Do techniques have a bearing on species representation in data?

This year, I have made a serious attempt to make sure that I record everything that I see whilst in the course of daily walks. In addition to noting all visual records I have retained specimens of those species that I cannot do in the field. In this way I had hoped to replicate the efforts of several Facebook members who record on a daily basis and also John Bridges who has recorded by sitting and watching a given patch and then retaining specimens of his photographic subjects. I have still to work through the specimens John has collected, but this early analysis may help to demonstrate how the basic photographic database compares with detailed recording based on field data and retained specimens.

The charts (figure 1) show only those records where it has been possible to take individual specimens to a firm identification. I have presented data for only the 50 most frequently represented species because the tail of all three datasets is highly variable and is probably not significant in telling a story about what people most frequently see. Note that I have added one species to the photographic dataset because both the segregate and aggregate of Xanthogramma pedissequum appear in the photographic database.

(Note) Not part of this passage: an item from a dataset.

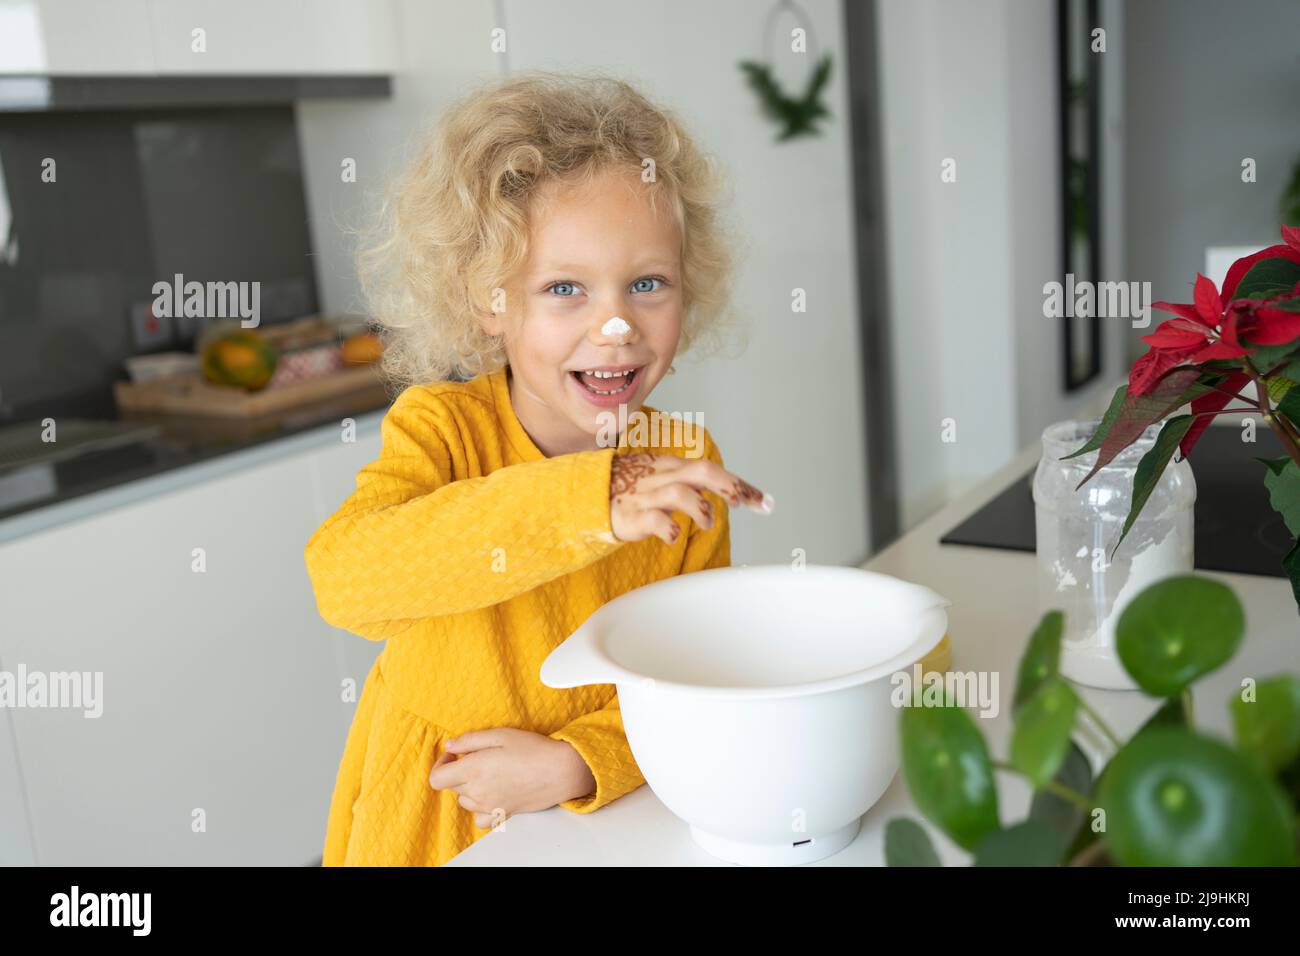 Happy blond girl with bowl standing at kitchen island Stock Photo

The story is complicated because the general photographic dataset comprises records from across the country whereas the dataset that both I and John Bridges have assembled is much more closely aligned to a region. My data primarily cover a ten mile radius of Stamford at the junction of Northants, Cambridgeshire and Lincolnshire but include regular visits to London and short visits to both Somerset and to the Spey Valley. John's data are confined to a block of four ten km squares in County Durham.

Inevitably, some of the differences are geographical. Even so, it is clear from figure 2 that once one starts to retain specimens the Tribes that figure within the dominant data change substantially (figure 2).

Figure 1. The 50 most frequently recorded in 3 datasets from 2016: RM = Roger Morris; PH = Photographic Records; JB = John Bridges. The figures represent the rank order of the species within individual datasets.

Figure 2. Numbers of species within each Tribe represented in each of the datasets depicted in Figure 1.
There is a lot more analysis to perform, but even these basic charts show how the dataset differs markedly between the general coverage by photography and the coverage that may be expected from an experienced Dipterist. What becomes very apparent, however, it the way the photograpahic dataset can be augmented by specimen retention. John Bridges dataset aligns rather more closely with my own data than it does with the general photographic dataset.